# Euer Photoshop Arbeitsbereich



## tobee (7. August 2006)

Ich dachte das passt hier gut ins Photoshopforum. Wenn nicht bitte veschieben.
Also so sieht mein Arbeitsbereich aus.

*Zur Erklärung:*
Häufig brauche ich eingentlich nur Ebenen und Info. Das Protokoll brauch ich selten und habe es auch deshalb ob bei den Werkzeugspitzen, wo ich den Brwoser einfach rausgetan habe.

Wie sehen eure Arbeitsbereiche aus?


/// edit Markus: verschoben in die Creative Lounge


----------



## tobee (7. August 2006)

Sorry ich hatte das Bild vergessen.
Und im Editier-Modus konnte ich es irgendwie nicht hinzufügen? Geht das?


----------



## susi22 (7. August 2006)

Meiner sieht auch nich anders aus. Den ganzen andern Kram brauch ich nicht. Bestenfalls mal das Textfenster.


----------



## schoko (7. August 2006)

Meiner sieht genauso aus wie der von susi!


----------



## tobee (7. August 2006)

@susi22 und schoko:
Was ist wenn ihr mal das Protokoll braucht?
Oder braucht ihr das nicht so oft?


----------



## schoko (7. August 2006)

Brauch ich eigentlich nur ganz selten.


----------



## susi22 (7. August 2006)

@tobee ehrlich gesagt weiß ich gar nicht wofür das gut sein soll und war bisher auch zu faul nachzulesen. aber ich vermiss es auch nich und hab damit noch nie gearbeitet


----------



## tobee (7. August 2006)

susi22 hat gesagt.:
			
		

> @tobee ehrlich gesagt weiß ich gar nicht wofür das gut sein soll und war bisher auch zu faul nachzulesen. aber ich vermiss es auch nich und hab damit noch nie gearbeitet


Ja, wenn man einen Fehler gemacht hat, kann man ja auf Bearbeiten > Rückgängig es rückgängig machen.
Und mit dem Protokoll kann man schnell bequem 5 Arbeitsschritte wieder rückganängig machen


----------



## ecology (7. August 2006)

Also mein Arbeitsbereich sieht auch so wie von Susi aus, ich denke das er bei vielen gleich aussieht  

Das Protokol brauch ich auch nicht, ich gehe immer auf bearbeiten/schritt zurück da kann man sehr viele Schritte rückgängig machen.

Im Protokol gehen doch noch mehr als 5 Schritte oder?

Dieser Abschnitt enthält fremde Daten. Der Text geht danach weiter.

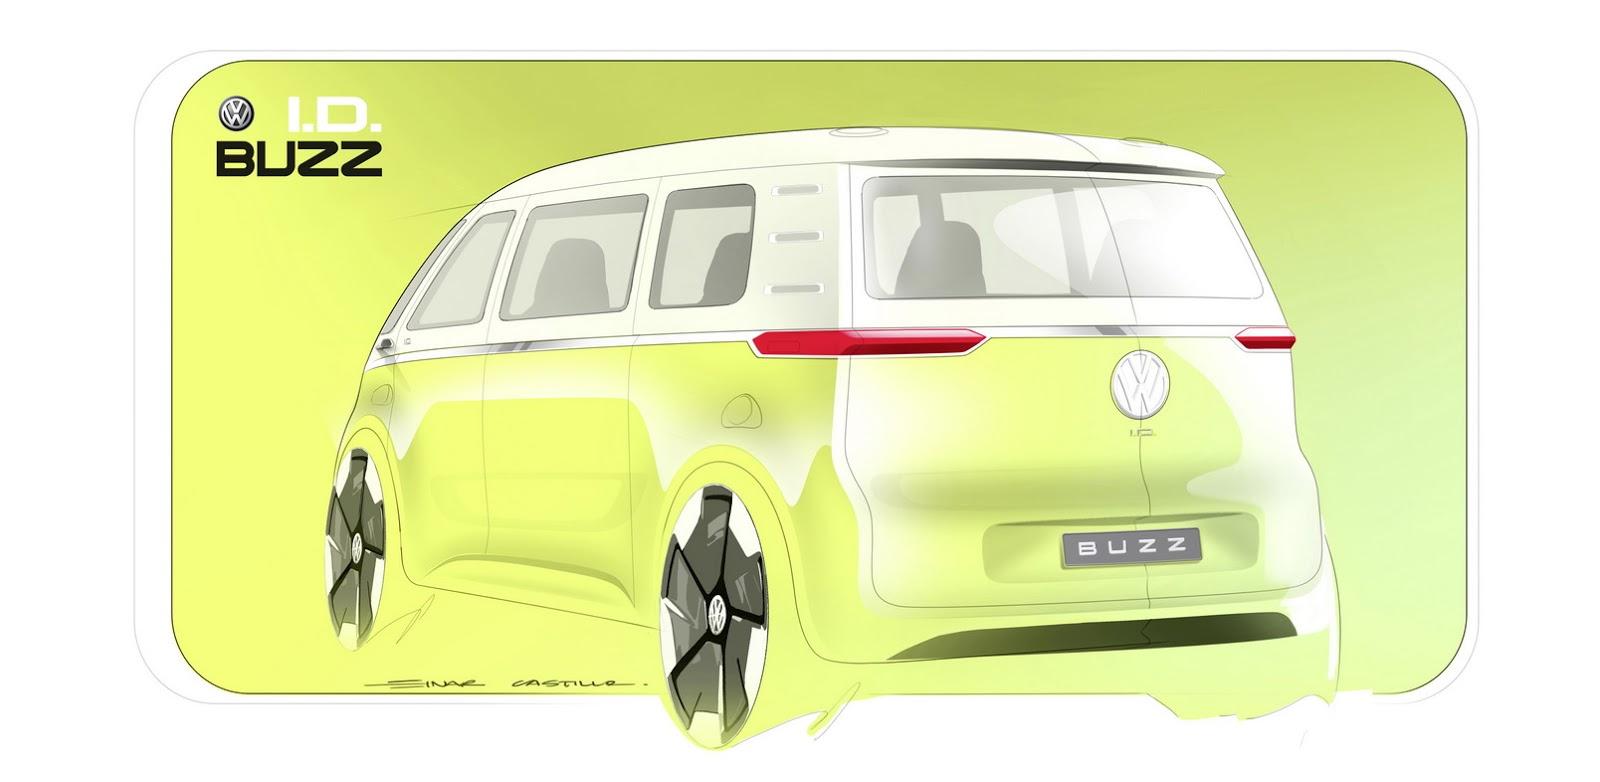 Volkswagen I.D. Buzz Concept (46)

Ich hab außerdem immer noch probleme das mir das ebenen und werkzeugfenster im weg rumstehen, also verschieb ich sie meistens über den ganzen bildschirm, ein ziemliches Chaos  


Ecology


----------



## tobee (7. August 2006)

ecology hat gesagt.:
			
		

> Im Protokol gehen doch noch mehr als 5 Schritte oder?

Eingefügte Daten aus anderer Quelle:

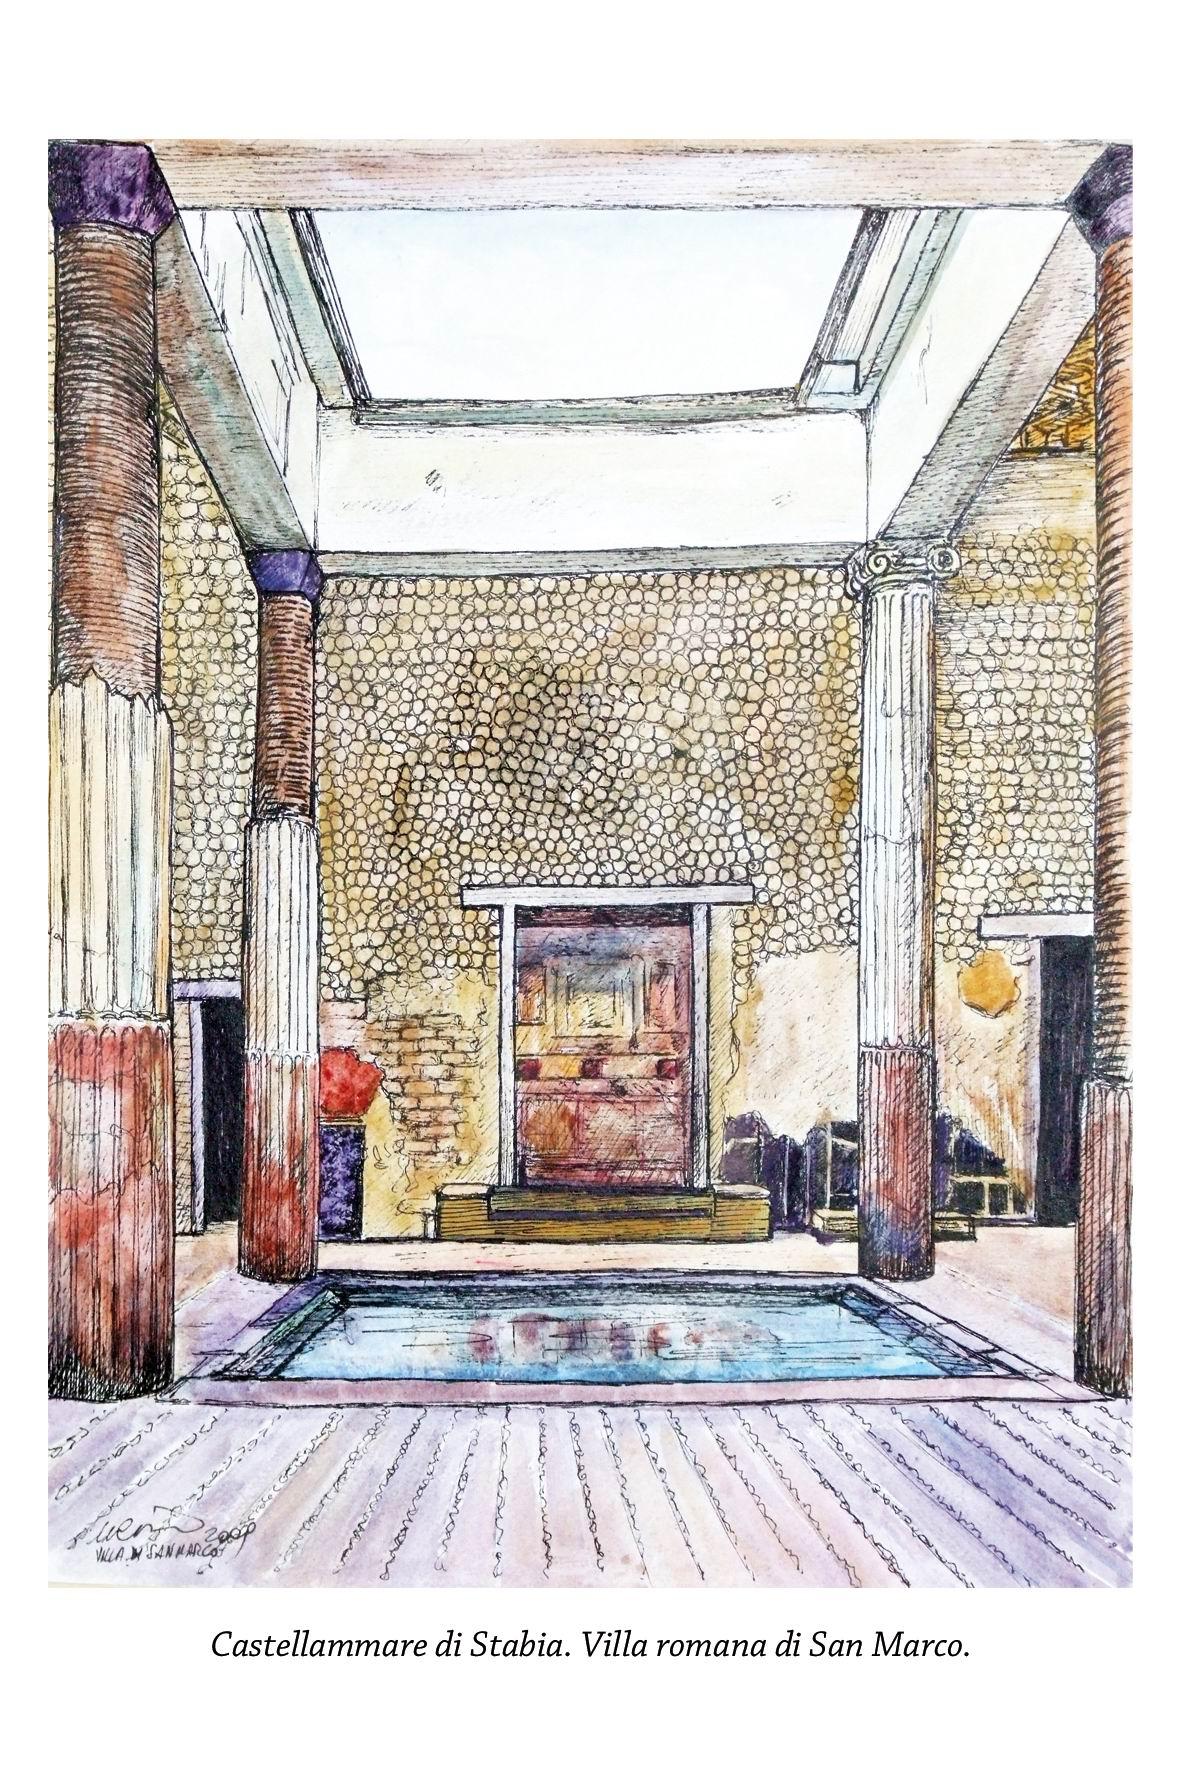 Il frigidarium di Villa San Marco (pittura del maestro Umberto Cesino)

Ja klar gehen mehr, war nur ein Beispiel. Man kann es ja maximum auf 99 stellen.



			
				ecology hat gesagt.:
			
		

> Ich hab außerdem immer noch probleme das mir das ebenen und werkzeugfenster im weg rumstehen, also verschieb ich sie meistens über den ganzen bildschirm, ein ziemliches Chaos


Aber den Shortkey {Tab} kennst du ja?


----------



## ecology (7. August 2006)

Nein kenn ich nicht, was berwirkt der denn?


----------



## susi22 (7. August 2006)

ecology hat gesagt.:
			
		

> Nein kenn ich nicht, was berwirkt der denn?


:suspekt:



Das der Bildschirm nicht so vollgeballert ist. Guck ma oben rechts, wenn du PS auf hast.


----------



## holzoepfael (7. August 2006)

Also ich habe das Ebenenfenster und das Protokollfenster und je nach dem noch das Pinselfenster offen. Ich weiss nicht, wie ihr ohne das Protokollfenster arbeitet...


----------



## StaatsfeindNo1 (10. August 2006)

also ich habe immer so ziemlich alle Fenster offen, die man nur gebrauchen kann, Ebenen (inkl. Pfade und Kanäle), Protokoll (wegen des Schnappschussfunktion... sehr geil manchmal) Zechen/Absätze und Farbfelder

Aber bei zwei Monitoren kann man das auch ein wenig besser ordnen und sortieren ;-)

Liebe Grüße


----------



## tobee (10. August 2006)

StaatsfeindNo1 hat gesagt.:
			
		

> also ich habe immer so ziemlich alle Fenster offen, die man nur gebrauchen kann, Ebenen (inkl. Pfade und Kanäle), Protokoll (wegen des Schnappschussfunktion... sehr geil manchmal) Zechen/Absätze und Farbfelder
> 
> Aber bei zwei Monitoren kann man das auch ein wenig besser ordnen und sortieren ;-)
> 
> Liebe Grüße


Das ist halt die beste Lösung.
Auf dem einen Bildschirm hat man sein aktuelles Dokument und auf dem anderen die Tools.


----------



## Iceripper (10. August 2006)

Huhu,

mein Workspace is relativ Standart-mässig eingerichtet.
Info/Histogramm, Pfade/Ebene/Protokoll
so eben das Zeuch was man öfters ma braucht.

Greetz Andy


----------